Somatizing patients show psychological and emotional distress as physical symptoms. Somatization can be presented in various forms ranging from indistinguishable somatic complaints and distress to full-blown conversion disorders involving paralysis or blindness. Conversion disorders are not common. (Kroenke K,) Somatization disorder was previously called Briquet's syndrome, after the French physician who first recognized it. Somatoform disorders are characterized by the presence of physical symptoms that cannot be explained by a medical condition or another mental illness. (Kroenke K,) Therefore, physicians often judge that such symptoms result from psychological conflicts or distress. For instance, in conversion disorder, also called hysteria, a person may experience loss of sight, deafness, or seizures, but a physician cannot find anything wrong with the individual. (Kroenke K,)
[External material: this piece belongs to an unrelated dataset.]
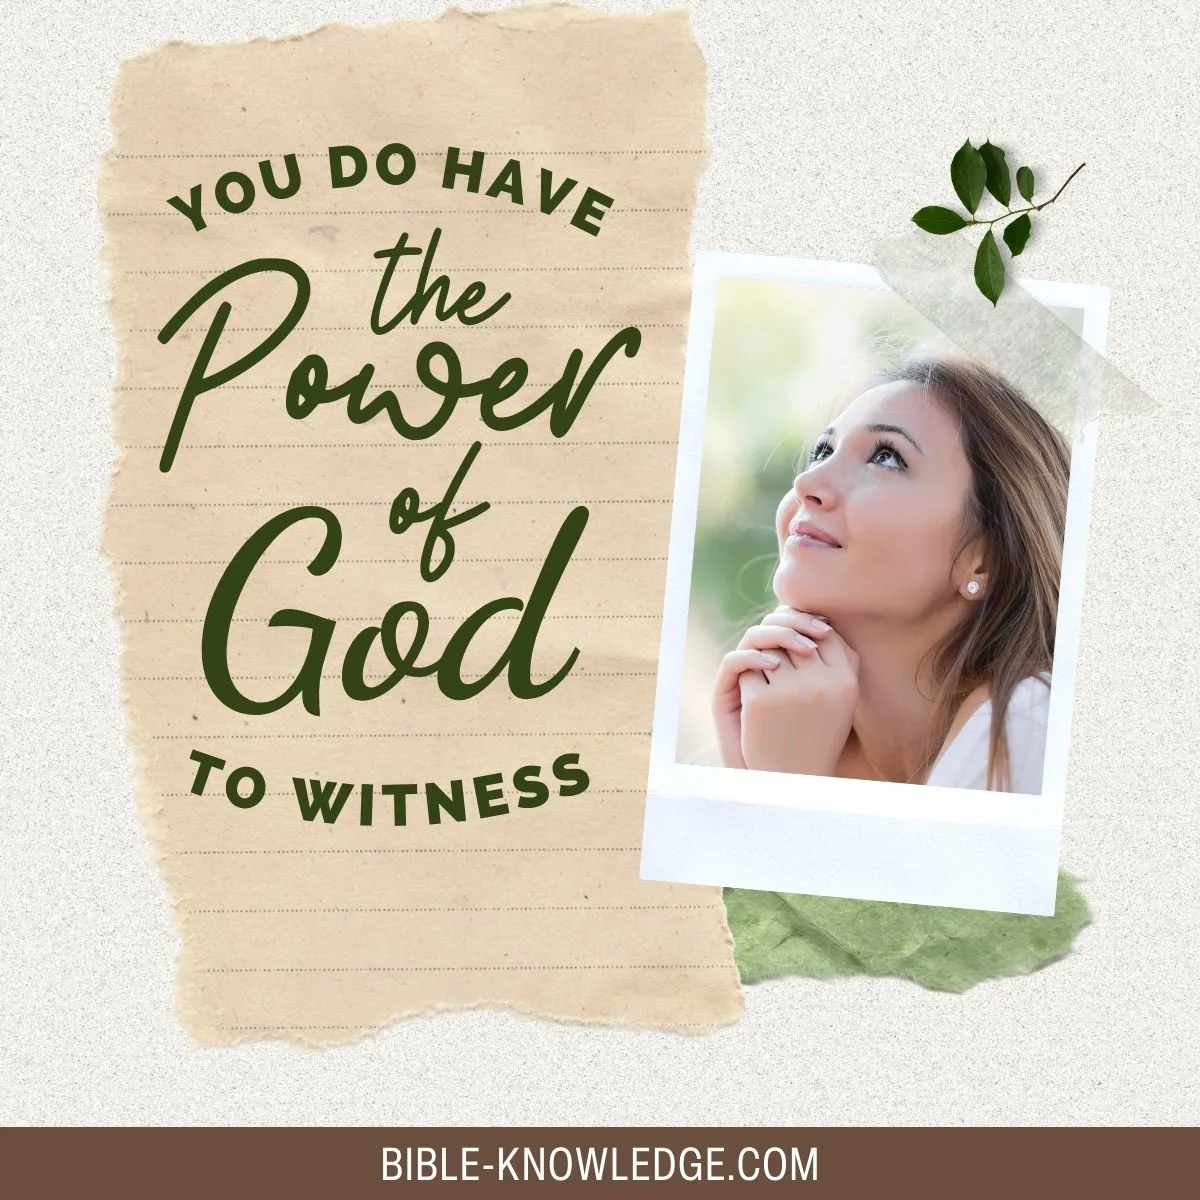 You Do Have the Power of God to Witness

Patients that are prone to neurotic disorders are more likely to develop somatic complaints when financial gain or litigation is imminent. Theories about somatization in adults have emphasized the development of symptoms as a result of repressed anger developed through life experiences. The association between these findings and somatoform disorder is not clear, and the literature on the effect of litigation has been inconsistent. (Z.J. Lipowski) People with another somatoform disorder, hypochondriasis, constantly fear that they will develop a serious disease and misinterpret minor physical symptoms as evidence of illness. (Z.J. Lipowski)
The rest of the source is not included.